We had covered the respiratory system and the digestive system. Finally it was time for the reproductive system. Dr Bedeham, our biology teacher, took us through asexual reproduction, then frogs, rabbits and finally human reproduction. The textbook was dry and factual and Dr Bedeham simply added that it was something that happened when two people were married and wanted to have babies. That was my formal sex education at age 14. Informally, I perused a copy of The Joy of Sex that the people I babysat for had on their shelves.

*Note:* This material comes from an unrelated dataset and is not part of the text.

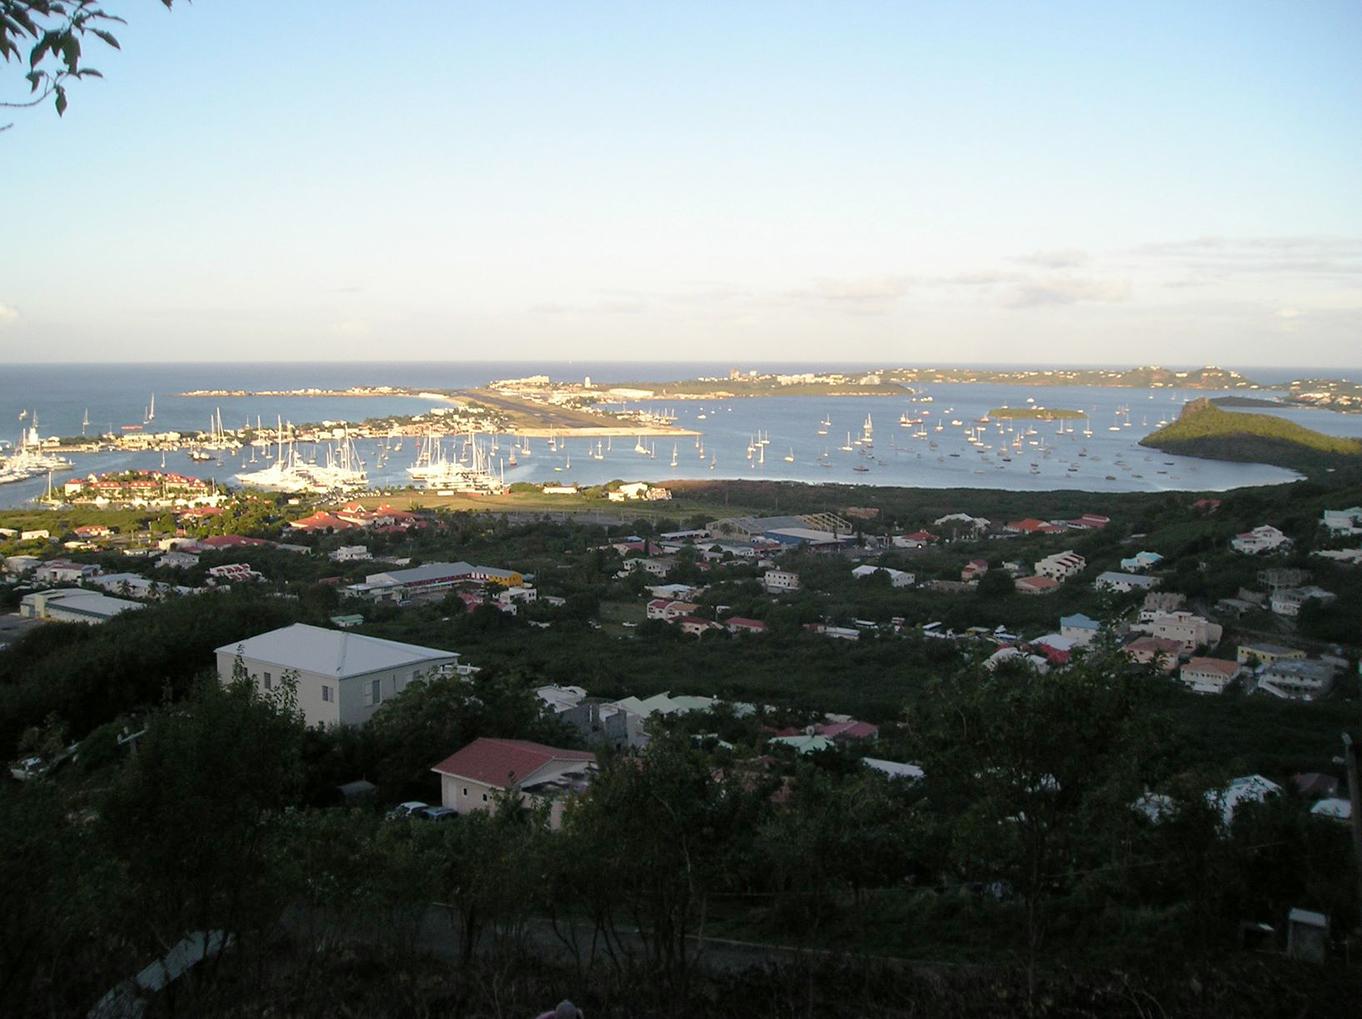 Hillside Development Land

“Where Did I Come From?” is intended for much younger children than that, though I honestly couldn’t imagine my mother giving me this book, let alone reading it with me. But for those “red-faced parents” (like this one) sensible enough to want to talk to their curious children about sex at an early age, this is a good opening gambit. Sure it is a little male-focused and perhaps the description of an orgasm (though never named) as a sneeze is a little off the mark, but its jolly matter-of-factness and exuberant, rotund cartoon characters give much more of an idea about why sex is so darn interesting than a biology textbook ever could.

I thought about how this book would do down with my kids. I would undoubtedly get a withering eyeroll from my tween daughter and I suspect my son would discard it in favor of baseball. Personally, I feel a little more comfortable with less jovial books: It’s So Amazing manages to be both informative and reassuring without getting into the intimate details of the ‘”special kind of wriggling” involved.